From: Stevan Harnad <>
Date: Sun, 10 Feb 2002 15:21:39 +0000

On Sun, 10 Feb 2002, Seth Johnson wrote:

> Okay. As long as you're dealing with expressive wholes,
> you're standing on legal precedent.
> It would help if some stipulations were made to assure that
> it's clear you're talking about the original presentations,
> presentations to which the author asserts authoritative
> origin, and presentations of originality that may be false.
> The factual elements of any expressive work are fair game.
> This is essential from the standpoint of free online
> collaboration.

Here is a good rule of thumb for advocates of toll-free access to the
peer-reviewed research literature:

Don't aspire to be more royalist than the king, or more papist than the

What was enough for those who got access via tolls should also be enough
for those who get access toll-free. No need to stipulate any more.

OF COURSE the readers of articles in peer-reviewed journals are
free to take the ideas and findings in those articles and build on them
as they see fit in their own work. That's the very reason why the
researchers published it in the first place!

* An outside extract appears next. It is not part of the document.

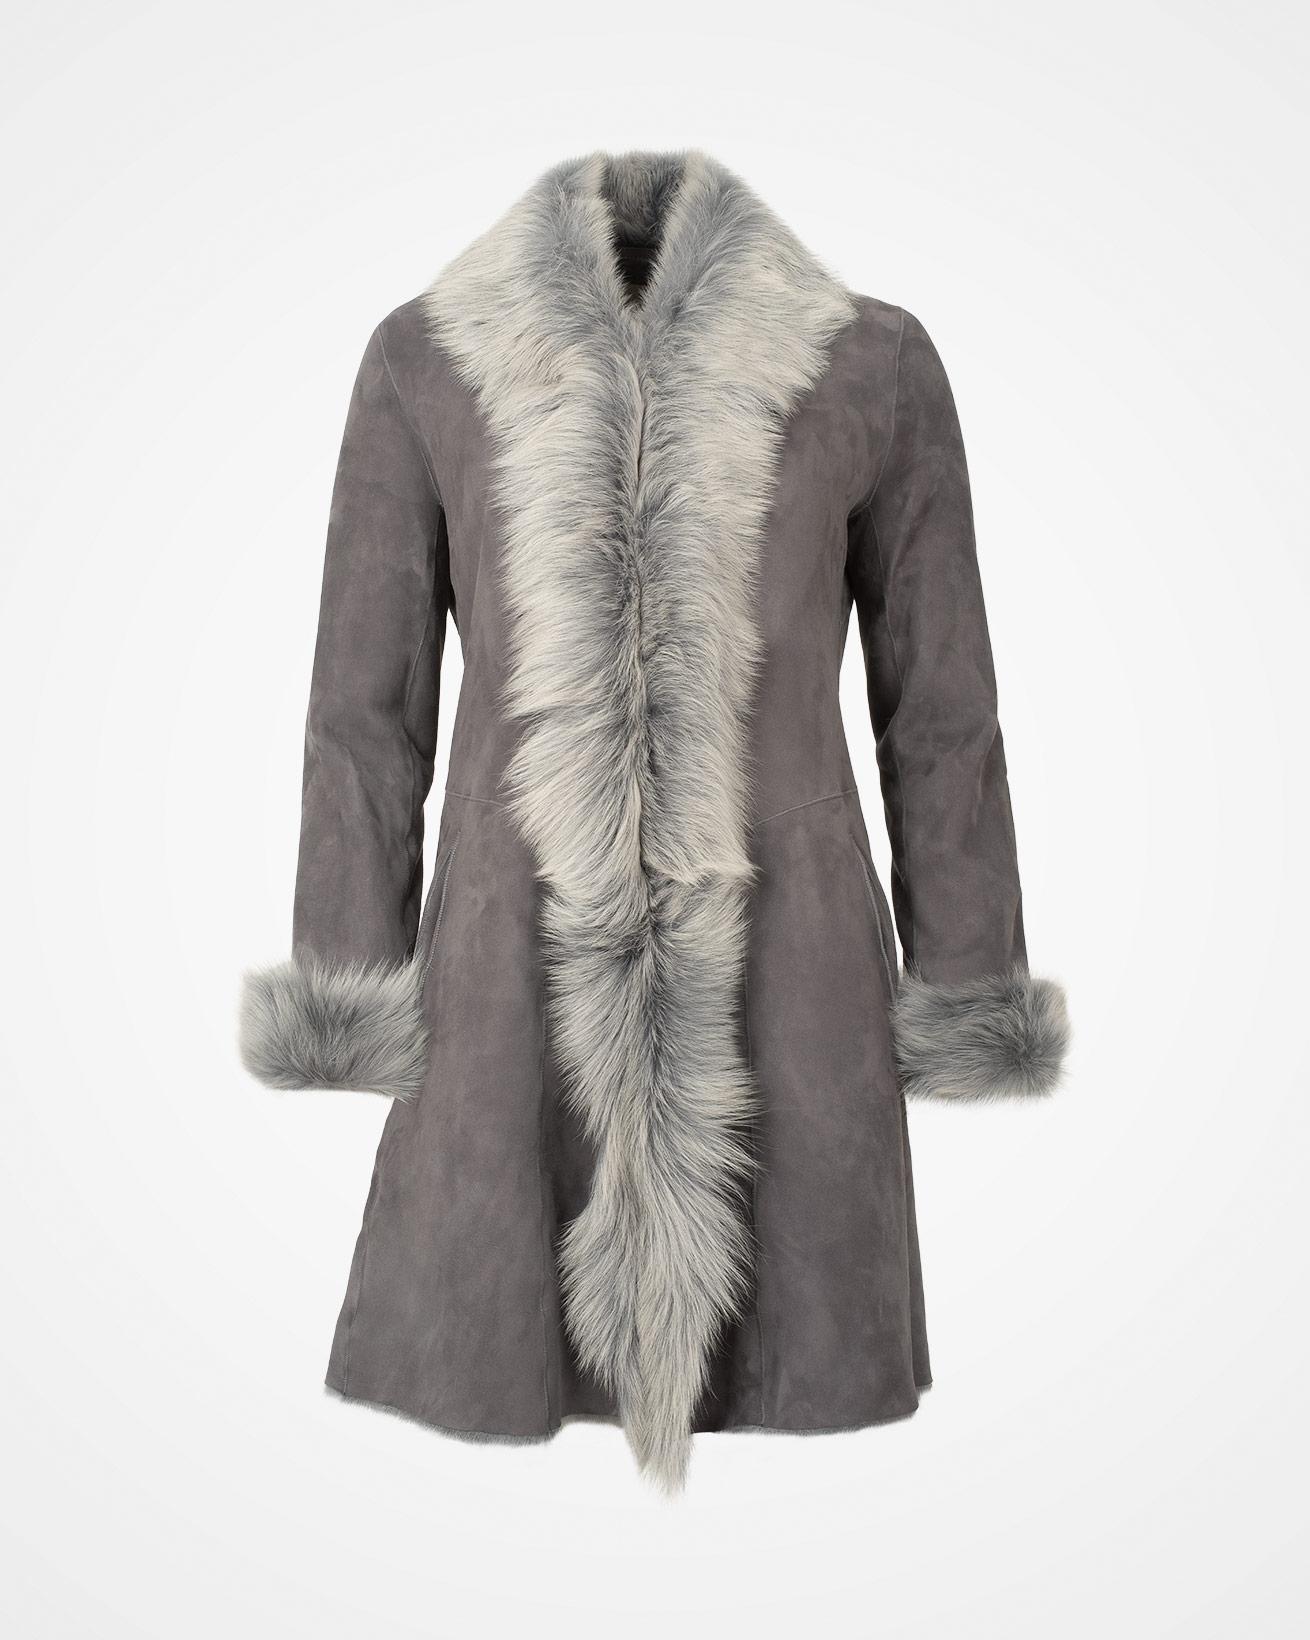 6020_3-4-toscana-trim-coat_grey_front.jpg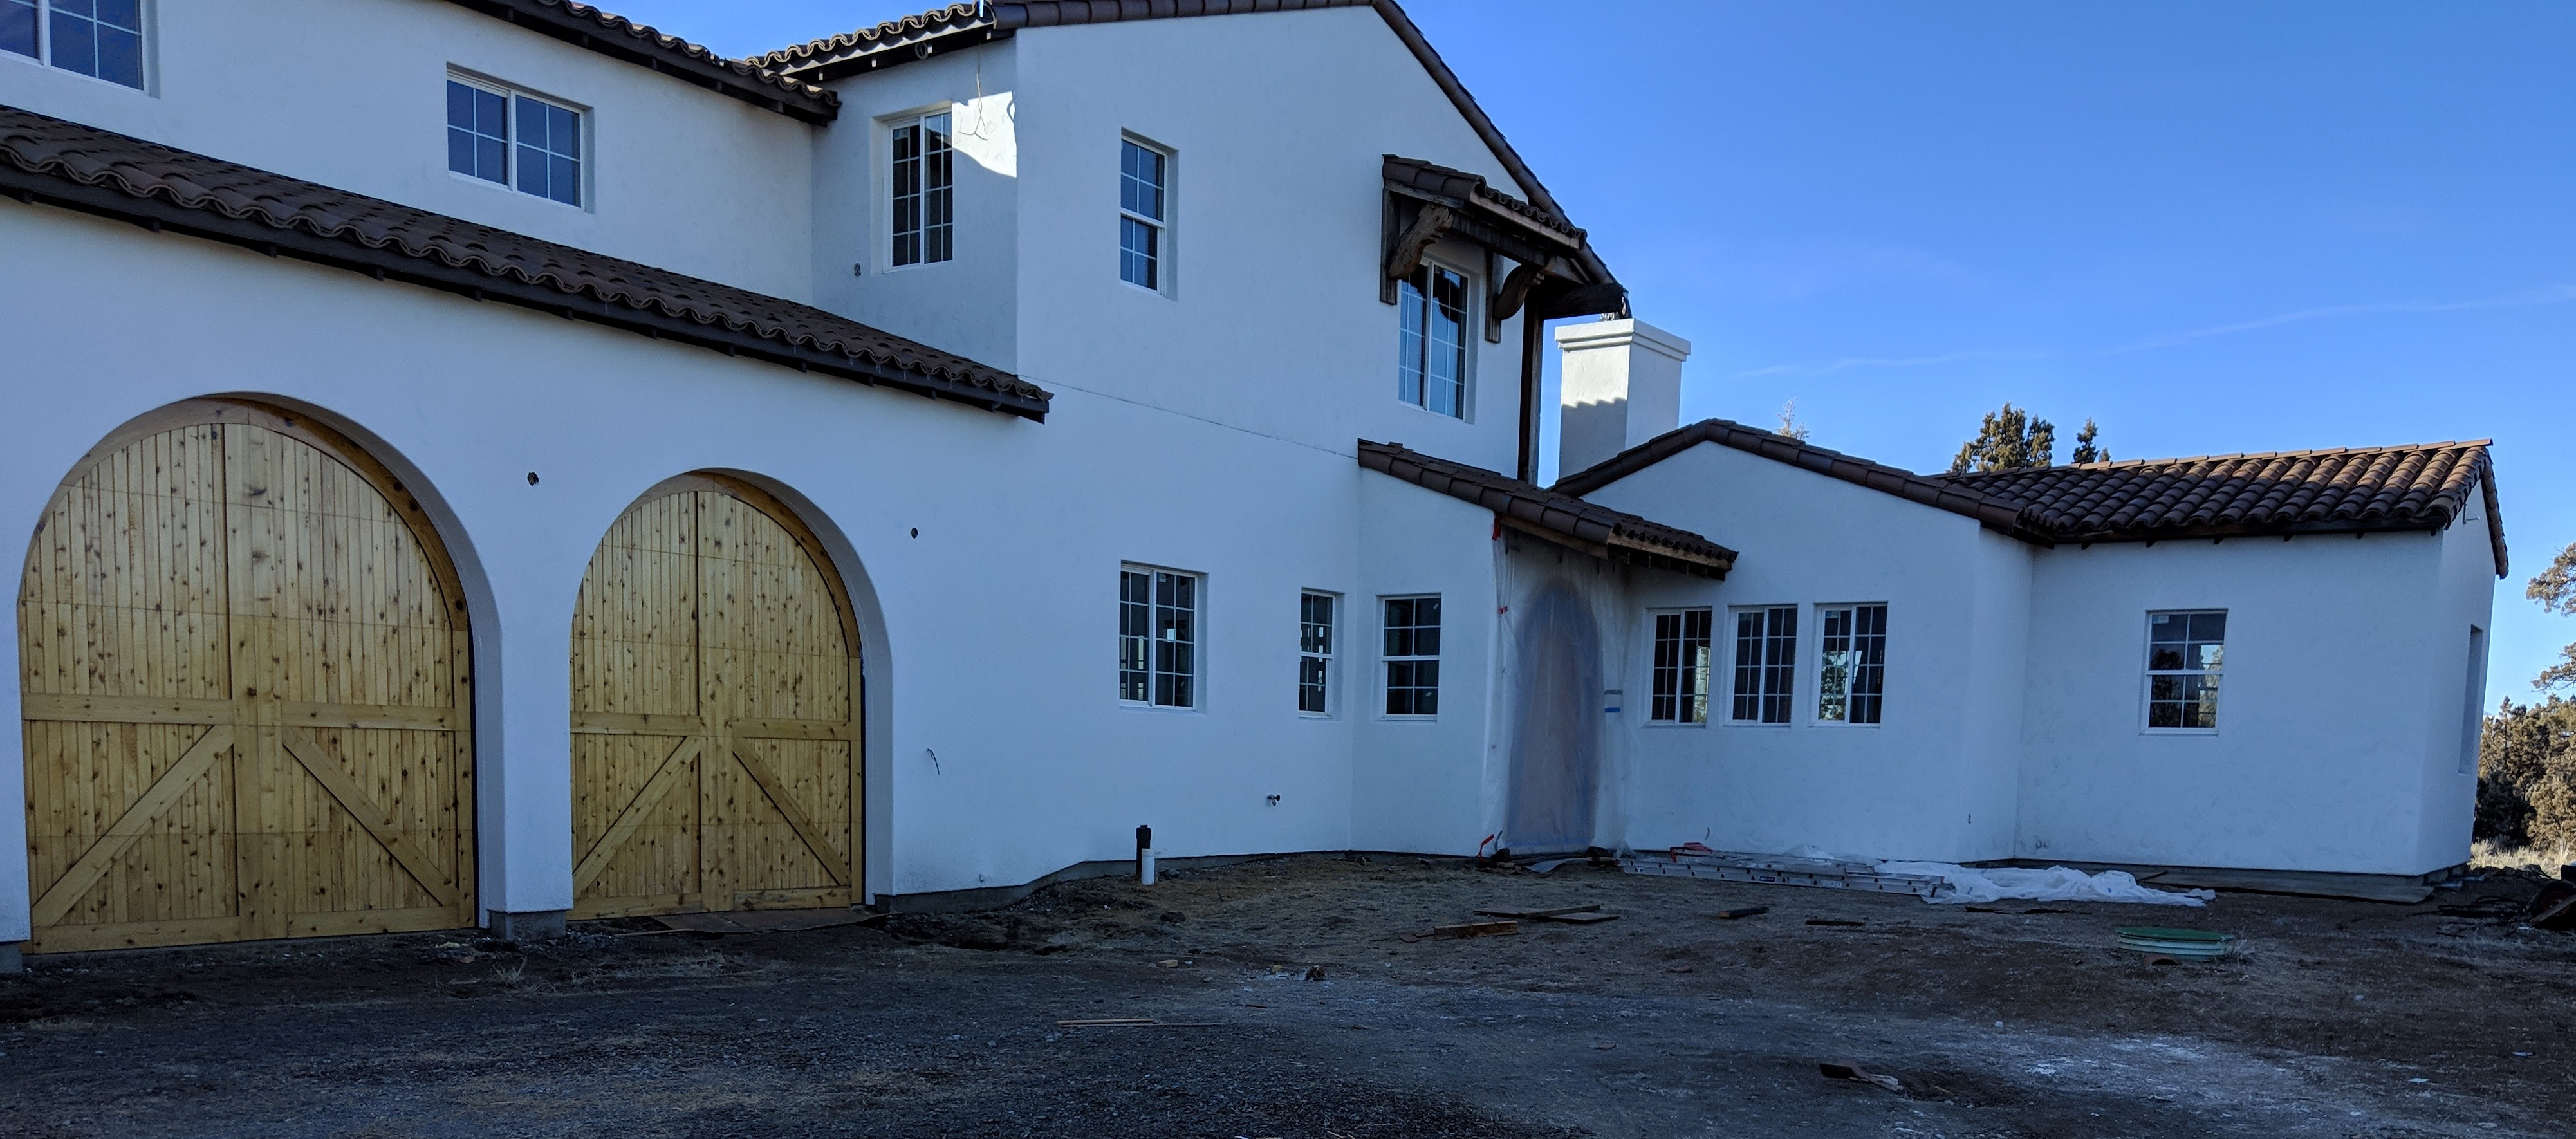 exterior10119

What we are referring to here is not the ideas and findings that are
reported. Their usability was never in dispute. We are talking here
about access to the TEXT. And it is the TEXT that may not be corrupted,
or assigned a false authorship.

(Moreover, using findings without citing their source is not a violation
of copyright, though it may be exposable and punishable as violation
of priority or even plagiarism in other senses.)

These confusions come, again, I think, because of putting too much
weight on the weak analogies between access to text and access to other
things, such as software or music, and perhaps also on weak analogies
between copyright and patent. When this happens, we are dealing with
MISanalogies and not analogies, and we are better to remind ourselves
of what the "use" of refereed journal articles has been all along,
independent of whether it was accessed for-fee or for-free.